If not RDMA, then what?
In prior blog posts, I talked about some of the challenges that are associated with implementing MPI over RMA- or RDMA-based networks. The natural question then becomes, “What’s the alternative?”
There’s at least two general classes of alternatives:
- General purpose networks (e.g., Ethernet — perhaps using TCP/IP or even UDP)
- Special purpose networks (i.e., built specifically for MPI)
This doesn’t even mention shared memory, but let’s return to shared memory as an MPI transport in a future post.
General purpose networks such as Ethernet were among the first targets for MPI back in the mid-90’s. TCP and UDP were the obvious choices, but let’s just discuss TCP here for brevity.

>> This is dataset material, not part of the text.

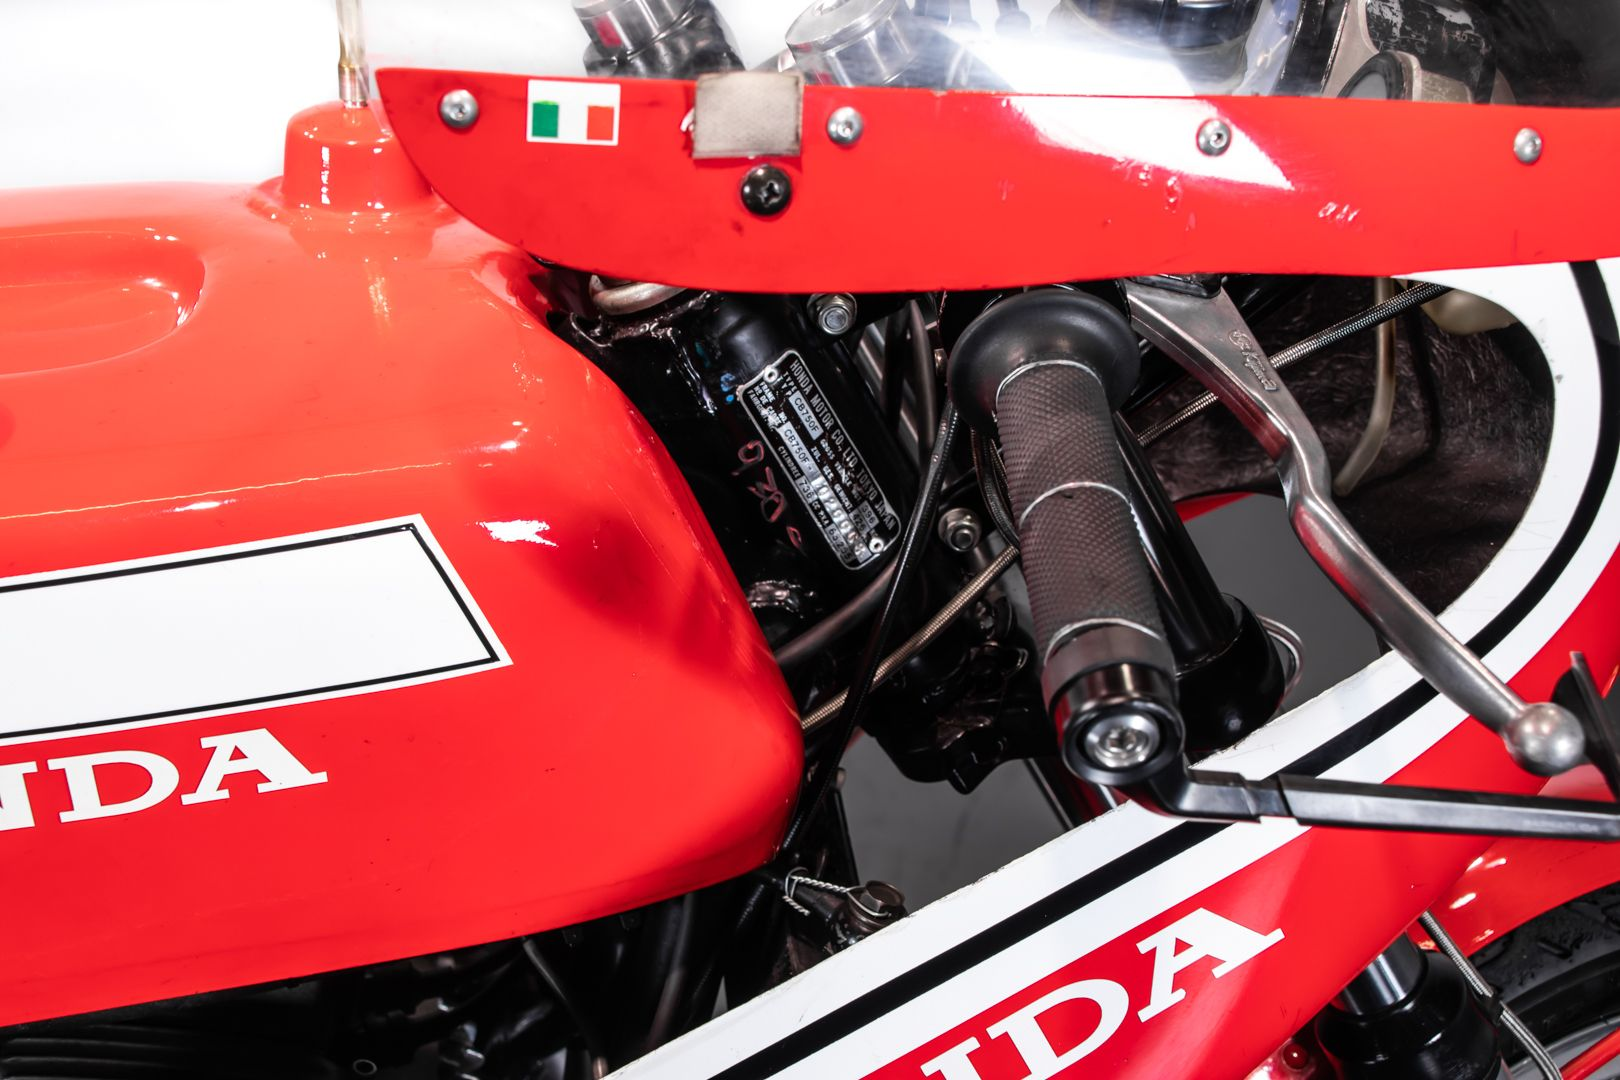 1973 Honda 750 Daytona Replica 72338

It’s not too difficult to map MPI’s 2-sided semantics on to TCP’s 2-sided semantics. Sure, there’s some “gotchas” to deal with, such as lazy connections (e.g., opening a TCP socket to the peer the first time you MPI_SEND to it), the fact that TCP doesn’t have message-based semantics, NAT and other private networking issues, etc. But even with that, TCP matches MPI’s semantics fairly well. MPI effectively hides a bunch of the underlying TCP communication gorp from the application (sidenote: try to use the word “gorp” in a conversation today) and tries to let the application focus on, well, the application.
There are other networks that were specifically built for MPI, meaning that they present user-level software APIs that map very well to many MPI implementations. Networks that immediately jump to mind are most well-known by their network APIs: MX, Portals, PSM, Tports, and Elan. Such networks typically have unique hardware features and corresponding firmware abstractions that are specifically designed to be used as the lower layer to an MPI implementation.
For example, if there is no shared memory (e.g., on some Cray models), the NIC can do MPI communicator+tag matching in hardware. This is actually a fairly complex task, and is in the critical performance path — MPI matching has a direct impact on short message latency. Implementing it in hardware can definitely be a performance win.
Other examples include supporting some level of MPI collective operations directly in the NIC. Such functionality can definitely be a performance win — the progression of a collective operation between multiple processes can asynchronously advance without any involvement of the main CPU. This can create a tremendous speedup compared to software-based collective algorithm implementations.
PSM is a little different than the others, however. The underlying PSM NIC is (intentionally) rock stupid; the PSM middleware is very smart. Instead of hardware asynchronous progress, PSM has a custom kernel driver that provides all the smarts and asynchronicity (use “asychronicity” in a sentence today, too).
To be clear, having a network API that presents MPI-friendly abstractions to an MPI implementation is not sufficient: the network hardware and/or firmware must natively support such MPI concepts. PSM blurs this definition a little, but without hardware/firmware support IMHO, it’s just the same old network, dressed up with middleware under MPI that hides the complexity.